По жабры там или нет, но додумать я не успел. Затрещали ветви, и прямо перед нами на тропинку вышел рослый, с щетиной в пол-лица детина. Широкий из добротной ткани плащ (на этот раз – не серый), кожаные сапоги, фетровая шляпа с бирюзовой почти женской лентой – ни дать ни взять австрийский егерь, только без винтовки за спиной. Смотрел он то на меня, то на мужичонку. Мне показалось, что и мой нечаянный спутник как-то враз подобрался.
– Документы, на-ко! – отрывисто и с нажимом произнес незнакомец. – Так-то где же?
– Так-то, на-ко, нету, – сельский труженик развел руками, а я несмело полез в карман. Этого не следовало делать, поскольку человек в егерском одеянии тут же отшатнулся.
– Назад, на-ко, стоять!…
Стремительным движением выдернув что-то из-за пазухи, мой спутник развернулся ко мне лицом, и тут же гулко лопнуло над головами. С деревьев посыпалась сбитая хвоя. Я даже не понял, как оказался на земле. Лишь по прошествии первых ошеломляющих секунд сообразил, что на землю меня принудил лечь незнакомец в егерской шляпе. Сельский труженик егозил ногами чуть в стороне. На груди его, быстро пропитывая клетчатую рубаху, расплывалось багровое пятно. Однако самое ужасное заключалось в том, что в руке этот непутевый мужичонка сжимал довольно грозного вида обрез. Лежащий рядом со мной егерь носком сапога ударил по оружию, в свою очередь выхватил из-под плаща компактный автомат. С хрустом разложил его, умело вдавил приклад в плечо, зашарил коротким стволиком по кустам.
– Лежать, на-ко! – бросил он мне, и в голосе его скользнули просительные нотки.
Стреляли откуда-то со спины, но туда мой новый знакомый не оборачивался. Зато очереди, вспарывающие землю чуть впереди нас, его явно беспокоили.

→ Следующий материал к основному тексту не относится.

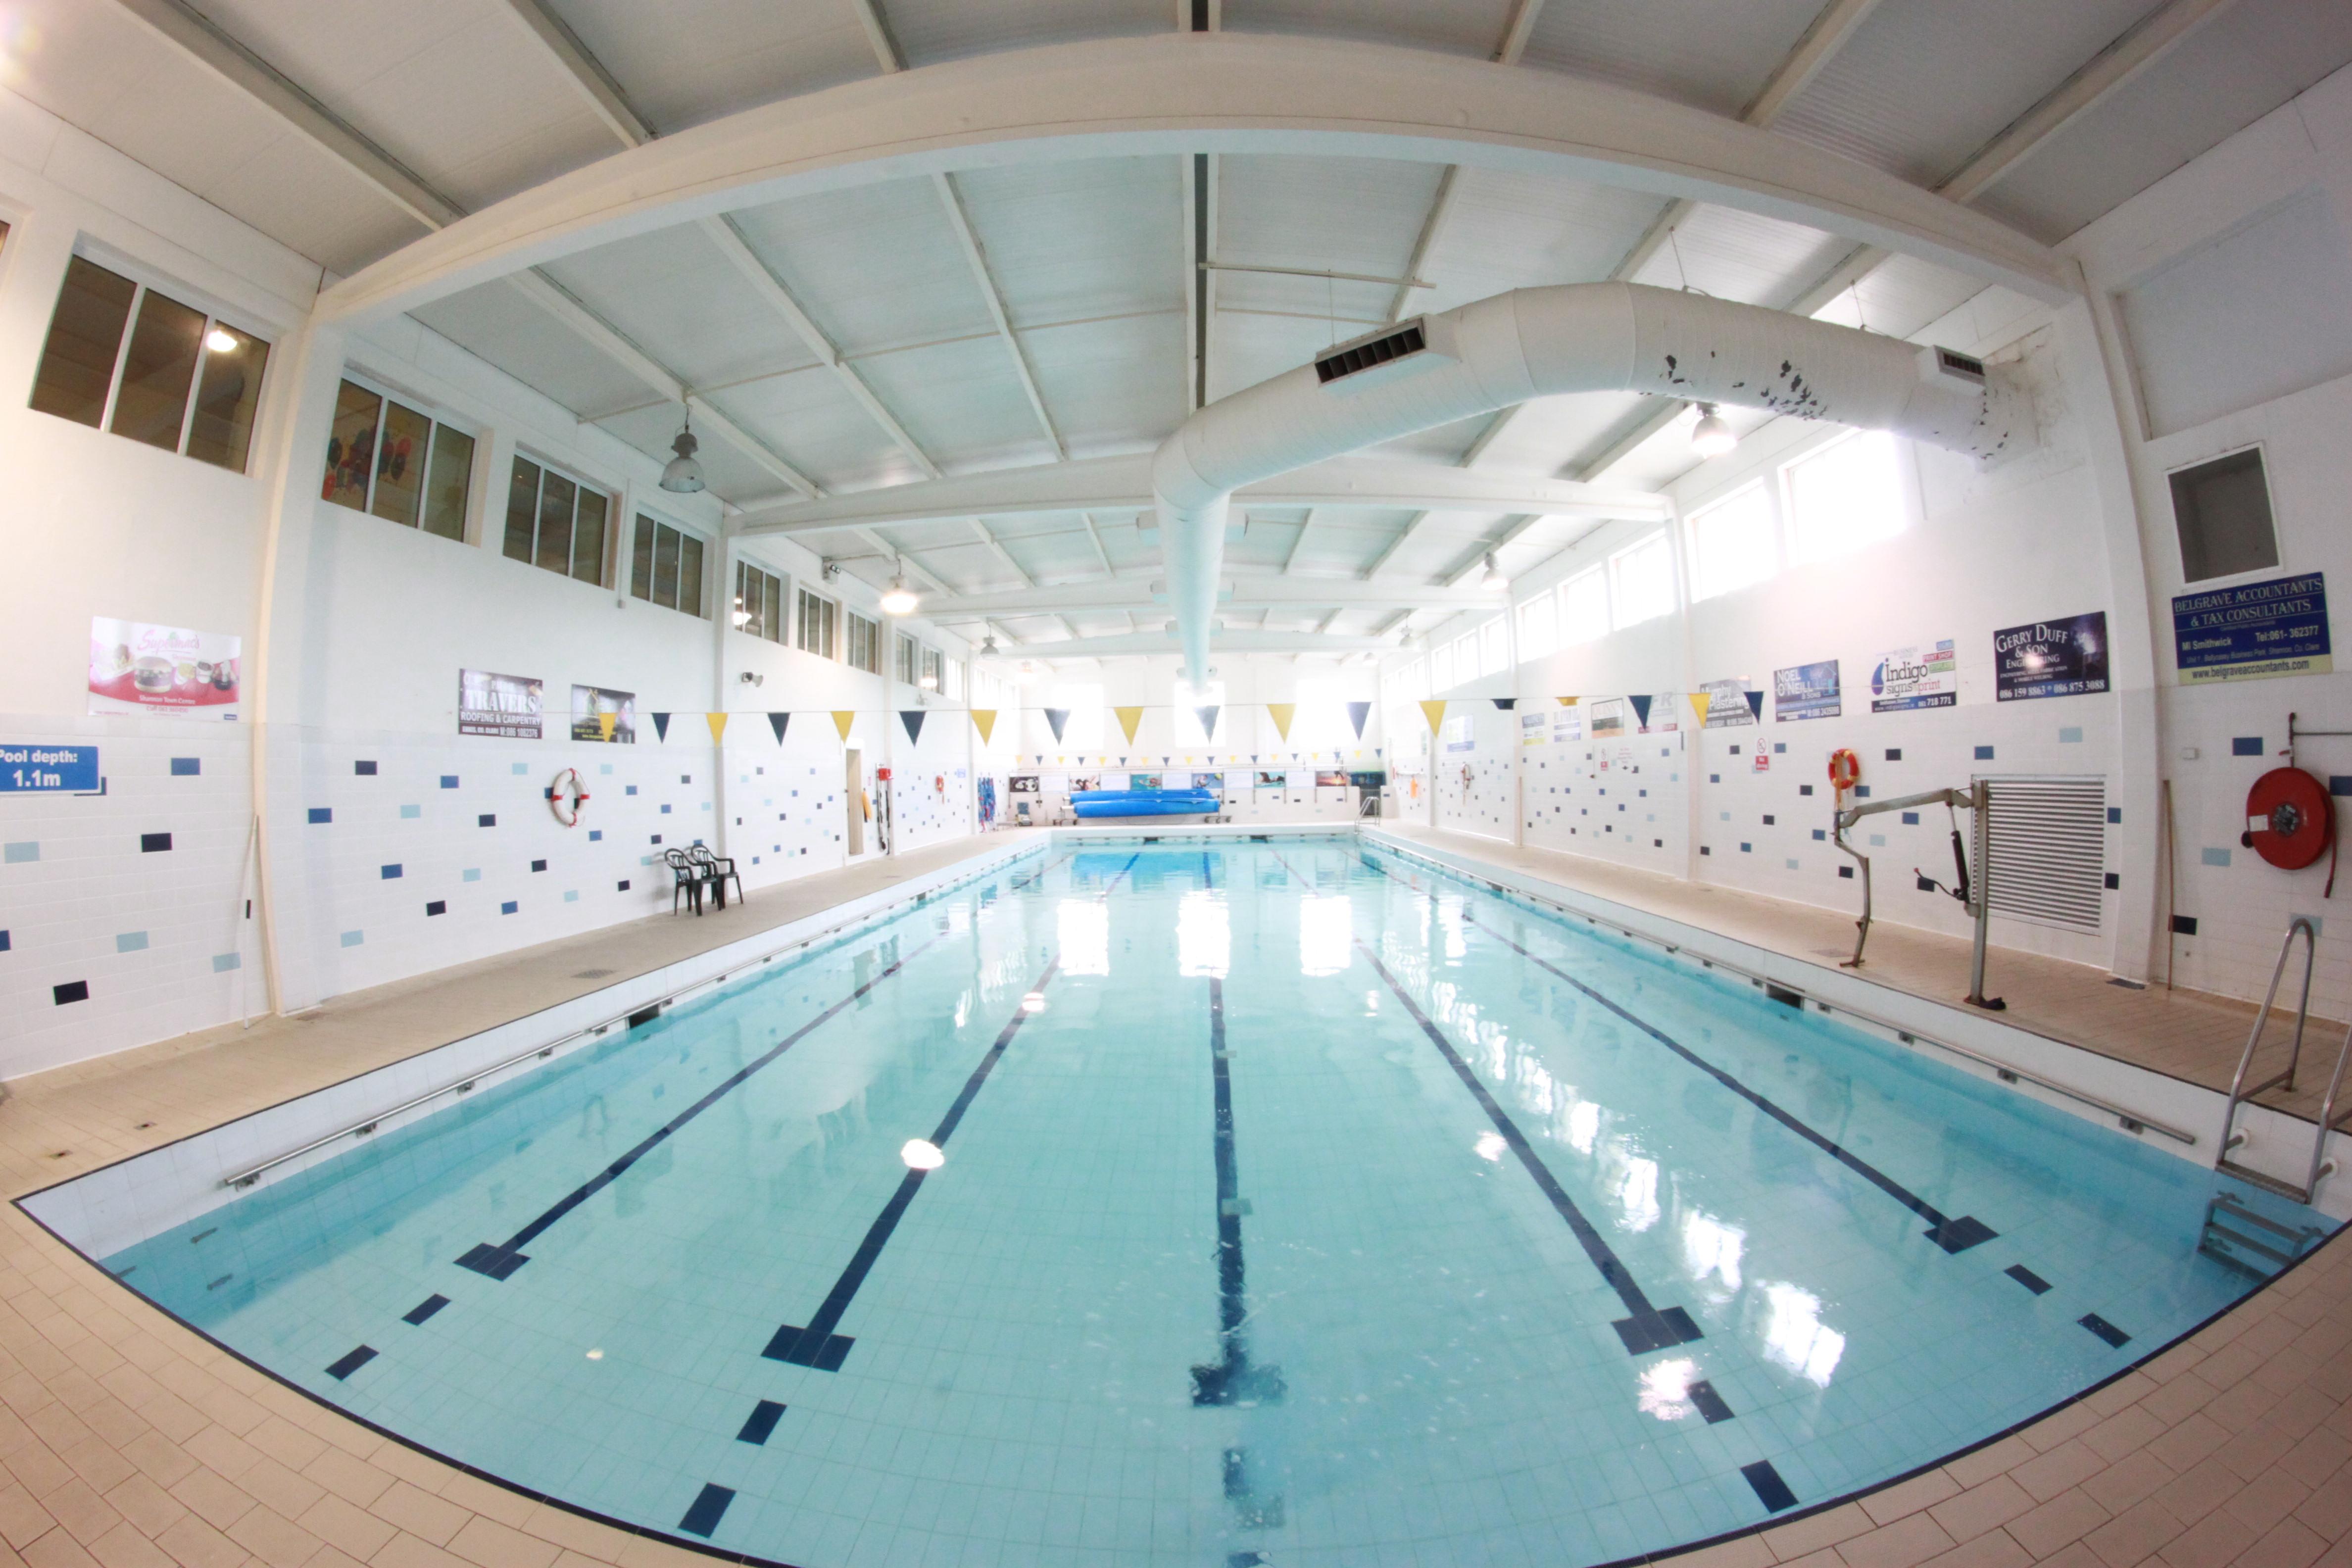 Facilities gym pool astro turf shannon leisure - University of alberta swimming pool ...
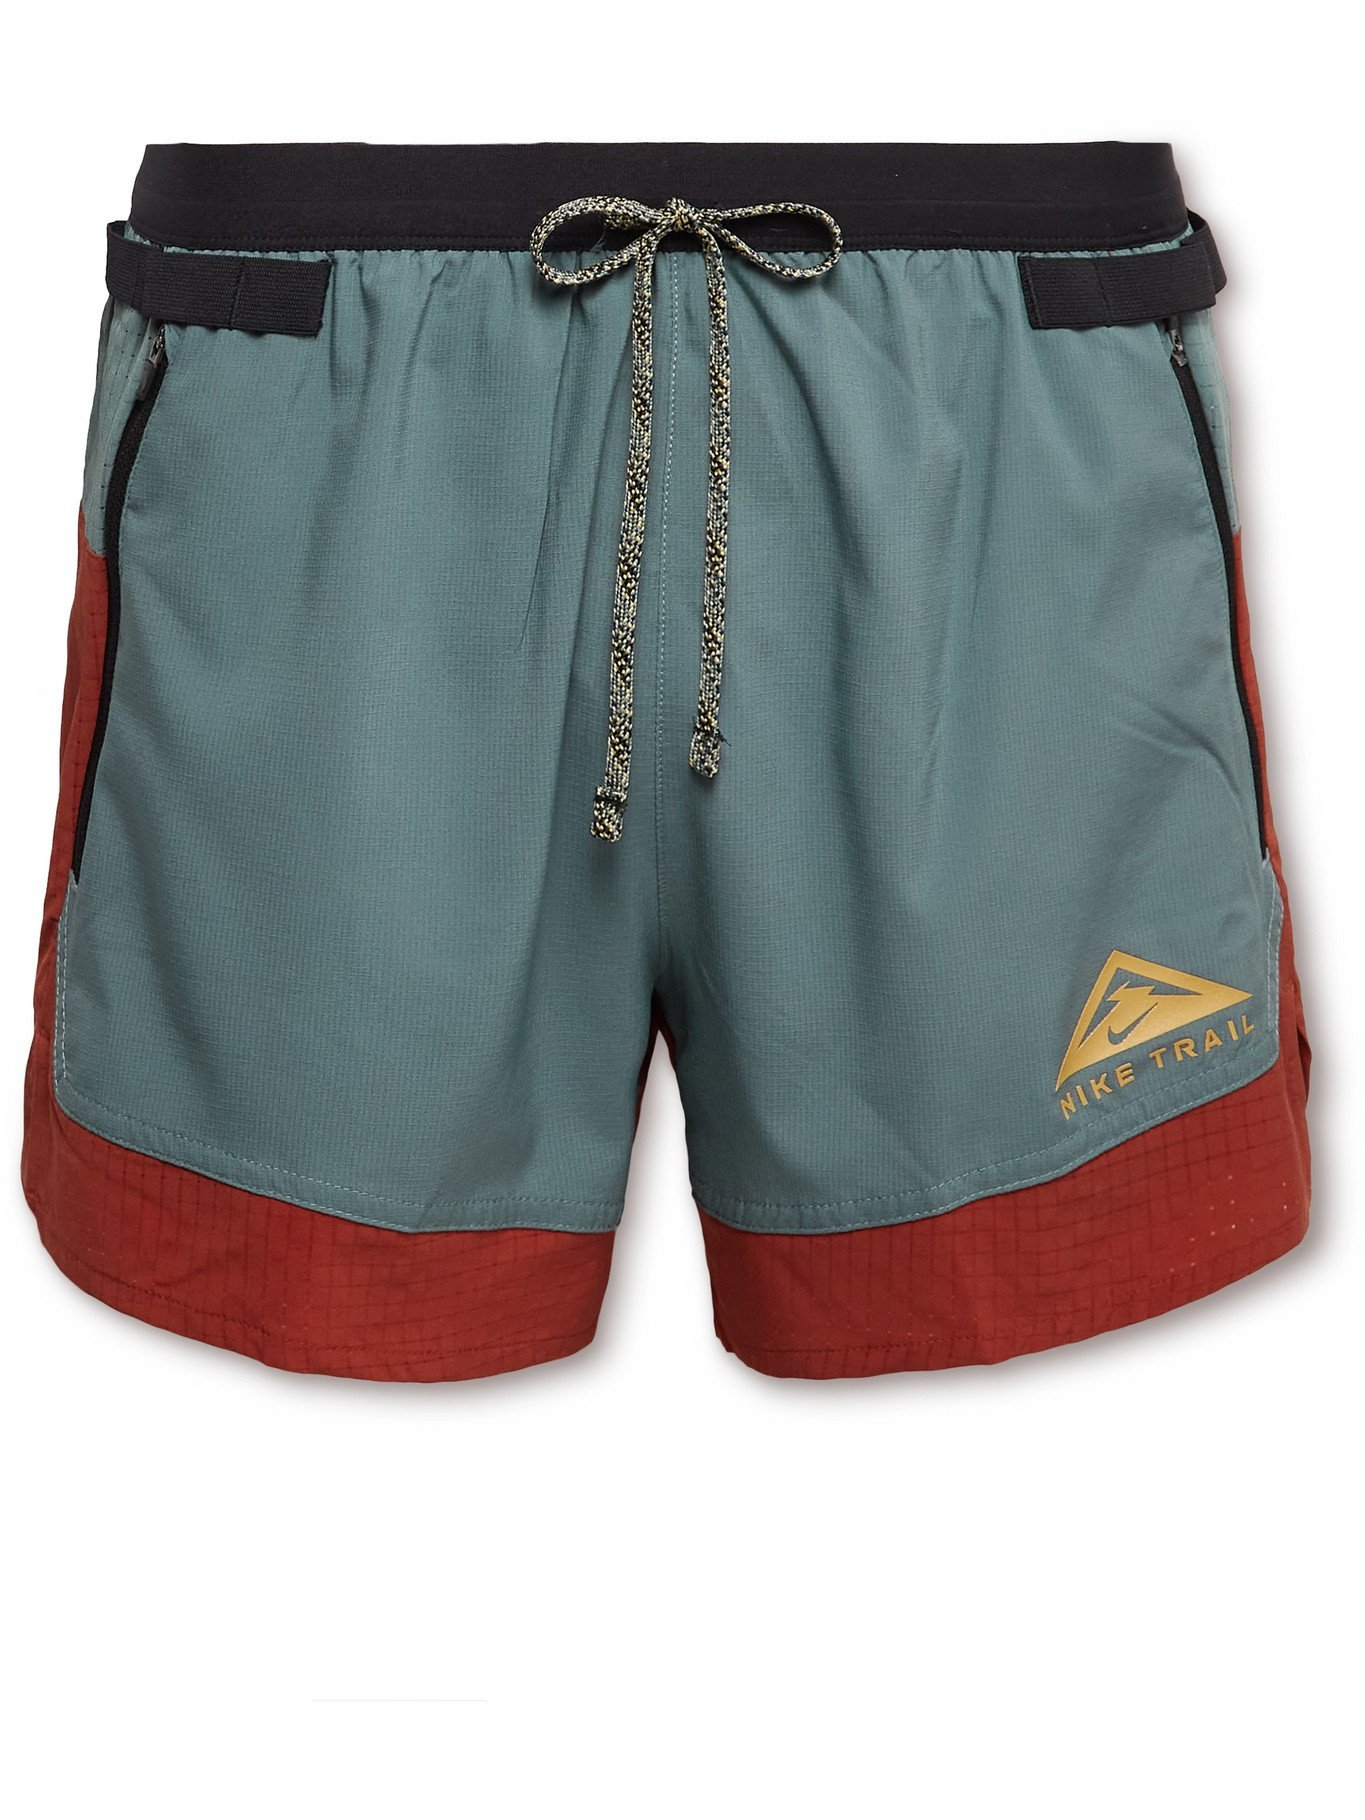 NIKE RUNNING - Flex Stride Dri-FIT Ripstop Shorts - Blue - M

– Вот же гады, на-ко! – он вжался в землю от очередной россыпи пуль. – Чуток не успеть!
– Плохо дело, да?
Он меня понял. Коротко кивнул. А в следующее мгновение автомат в его руках зарокотал и задергался. Светящийся пунктир ударил по близкому кустарнику, пошел гулять взад-вперед, сшибая листья с корой, терпеливо нащупывая живое. Кто-то в ельничке тоненько вскрикнул.
– Есть, на-ко! – мужчина удовлетворенно крякнул. Еще одна очередь, и патроны у него кончились. В пару секунд человек в плаще сменил рожок.
– Черт!… – я еще раз взглянул на умирающего мужичонку и, стараясь двигаться бесшумно, пополз назад. Тело сотрясало ознобом, в голове не осталось ни единой вразумительной мысли. Во всяком случае, теперь я понимал фронтовиков, уверявших, что лежать под пулями – скверное дело. Это было даже не ощущением, – какое там, на хрен, ощущение! Меня бил самый настоящий колотун.
То есть паники я пока не испытывал, но страх чувствовал вполне материальный. Подобно удаву он спеленал меня мерзлыми кольцами, мало-помалу стягивал петли, сковывая движения, выжимая из грудной клетки последний воздух. Мужчина в плаще оглянулся, но было поздно, – вскочив с четверенек, я юрким зверьком метнулся в кусты.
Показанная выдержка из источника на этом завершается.